(Book Excerpt 9) For-Giving: A Feminist Criticism of Exchange by Genevieve Vaughan

[Editor’s Note: The following sequels are from For-Giving: A Feminist Criticism of Exchange by Genevieve VaughanFootnotes may differ from the original text.]

Transparency and Giving-Way

Gifts are given at the verbal level, which interpret ‘reality’ by re-presenting it in terms of giftgiving, but they are actually transparent to experience. In our example, they are transparent to the dog’s being brown (it had that color), bringing it forward as part of an experience or topic the interlocutors can share. The transparency of the gift structure recalls another characteristic of giftgiving–the giver gives-way, self-effacing in order to give value to the receiver. We may, therefore, notice only that what we say is a gift–as when some information that we transmit is understood and used by the listener. We do not notice that the way we say it is a gift process at many levels.

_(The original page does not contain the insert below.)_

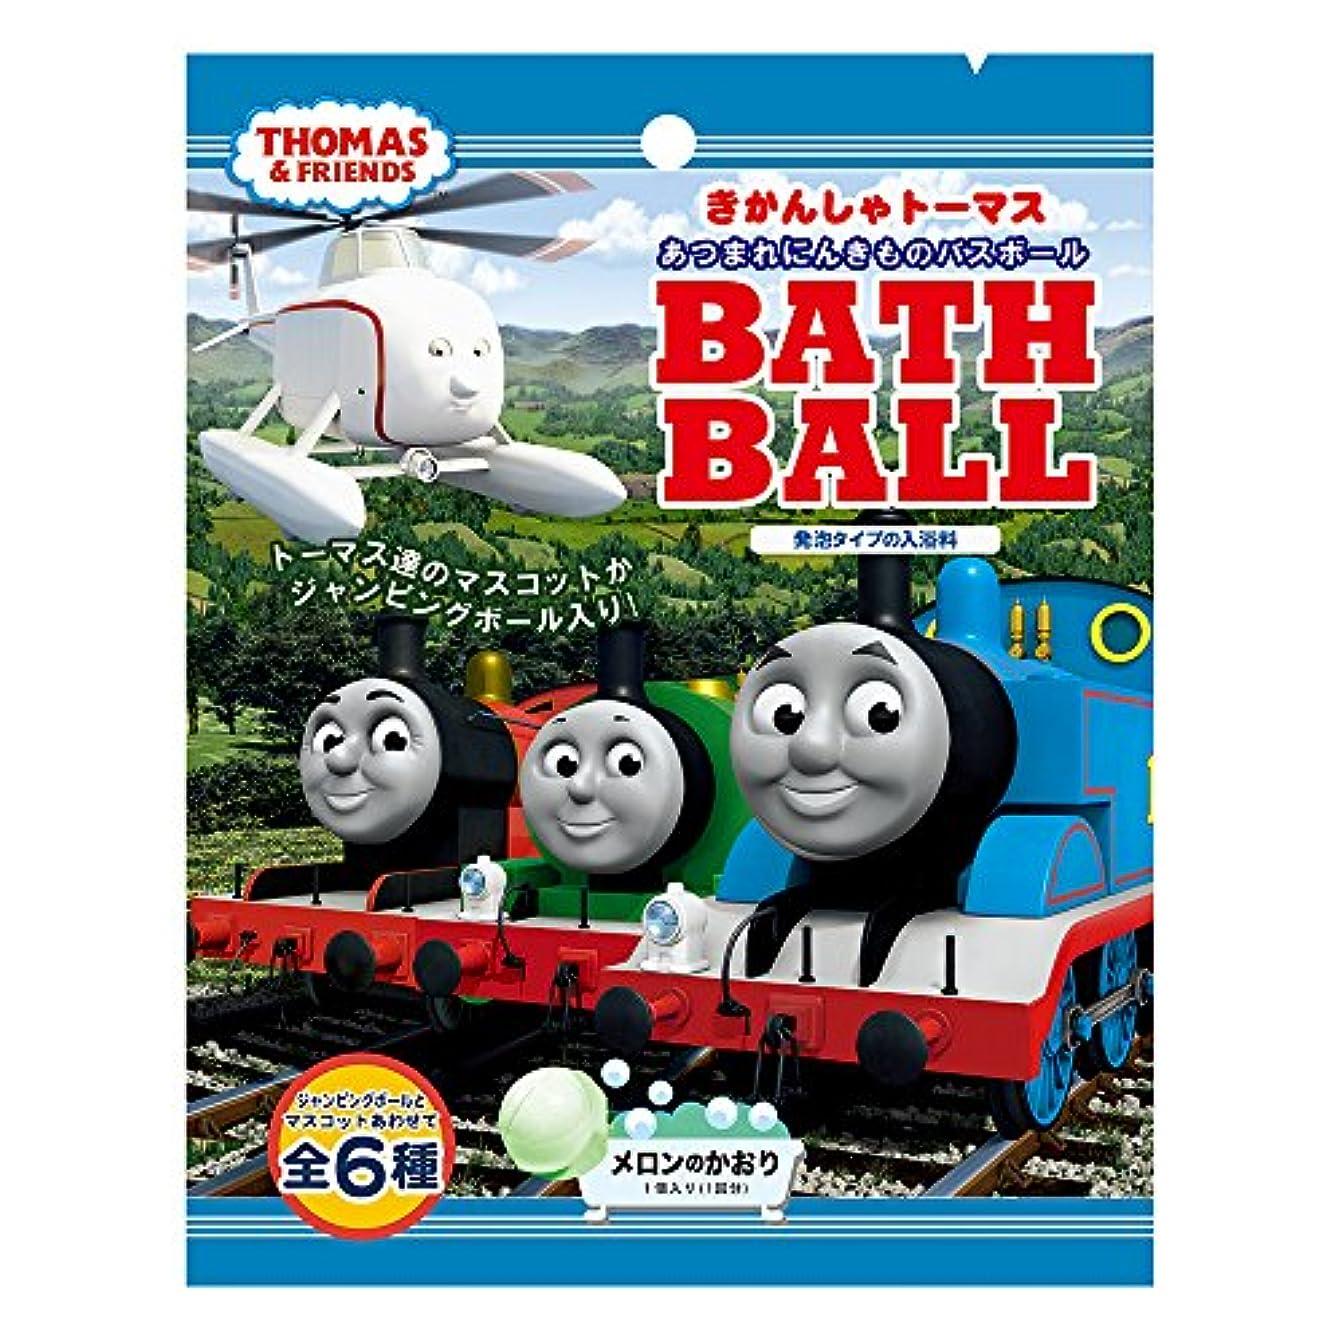 雲第違反きかんしゃトーマス 入浴剤 あつまれにんきもの バスボール おまけ付き メロンの香り OB-TOB-5-1

At the ‘reality’ level, things which could have been gifts in co-munication give way to the word-gifts which take their place. They graciously stand aside and let words take over. In fact, their lack of competitiveness makes us forget that many of them never could have been actually transferred from one person to another anyway. Abstract ideas, huge material objects, creatures of fantasy, subjective states, etc. all stand aside with equal equanimity, allowing their places to be taken and giving value to the words that take their places.

At another level, the emotions that accompany our speech, or sometimes the very act of speaking to others, may also be said to nurture them, creating bonds. However, we do not usually notice gift structures in language because, in fact, they also stand aside; they give way in order to give value to what is being said and to the listener, the receiver of the verbal gifts. Another reason we do not usually see gift structures is that they are different from definition-exchange structures, and their levels are usually not formed the same way. Definition structures overtake gift structures like military facilities built on women’s sacred springs.

The interpretative capacity of giftgiving has been denied and overtaken by viewing interpretation as a kind of ‘penetration’ by the mind. Phrases such as ‘the way words are hooked on to the world’ and even ‘filling the slots’ suggest metaphors of male sexuality.9 Instead, from a mother-based feminist point of view, we can see the relation between words and the world as the relation among gifts at different levels, where reality itself is a gift, all the way from sense ‘data’ to experiential givens. The world is made accessible to humans by the gifts of language at many different levelsresulting in the sending of messages, the transmission of ideas and information, and the handing-down of culture. In fact, from this point of view, we could call our species, not homo sapiens, but homo donans. Giftgiving and receiving are prior to and necessary for our human way of knowing. They are the basis of a universal ‘grammar,’ not only of language, but of life.